Interesting aside: The word legerdemain is used in the description of one of the pearl dealers in Steinbeck’s short novel. It’s not a common word, so it struck me when I encountered it again in the Heim translation of Mann’s work.

Blooming

EAC09A27-9B2B-4E47-A949-5897C13B70ACA third bloom! How lucky am I?

In other news…

In about two hours, I will attend my fourth Theater of War production. Warm thanks to the reader who brought this fabulous group to my attention. Today they’re doing The Book of Job Project, using the Stephen Mitchell translation.
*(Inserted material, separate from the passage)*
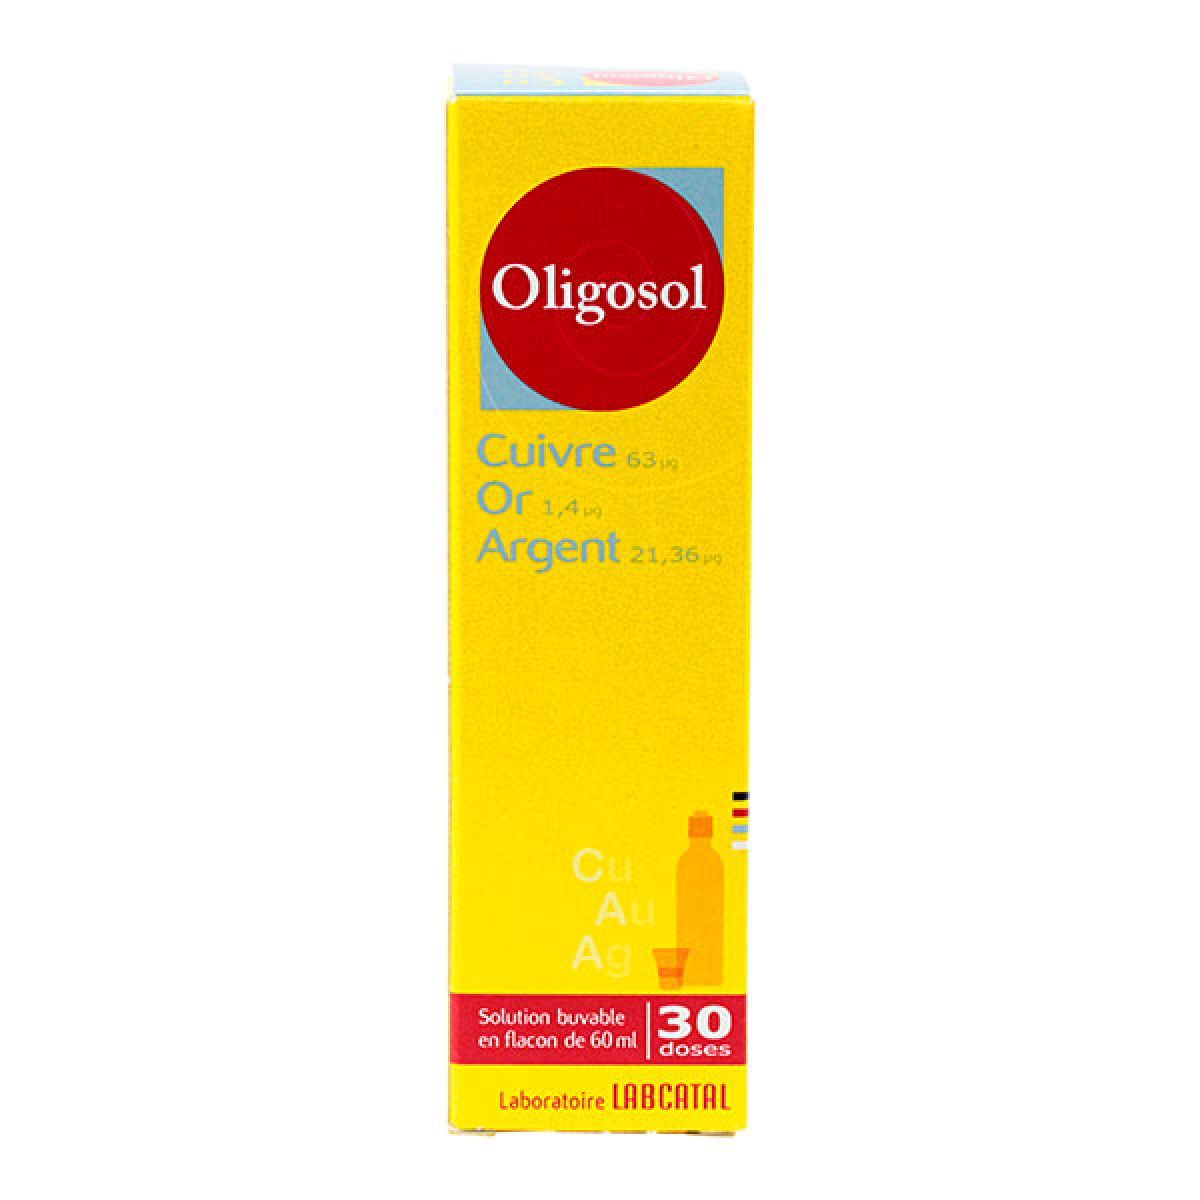 oligosol cuivre or argent est un médicament utilisé en cas d'asthénie

Maybe I’ll “see” you there?

Also, I finished two more books in June and wanted to add them to the count, which, at the year’s midpoint, stands at 124, with 102 read from the shelves.

Circe (Madeline Miller; 2018. Fiction.)
Read with my older daughter as part of our informal summer reading program. Both of us described it as a page-turner and finished it in one day. Related links here and here.

The Godmother (Hannelore Cayre; 2019. Fiction.)
Light and quick with a few witty observations. Perhaps it will work better as a movie?

p.16
People say I’m bad tempered, but I think this is hasty. It’s true I’m easily annoyed, because I find people slow and often uninteresting. For example, when they’re banging on about something I couldn’t give a crap about, my face involuntarily takes on an impatient expression which I find hard to hide, and that upsets them. So, they think I’m unfriendly. It’s the reason I don’t really have any friends, just acquaintances.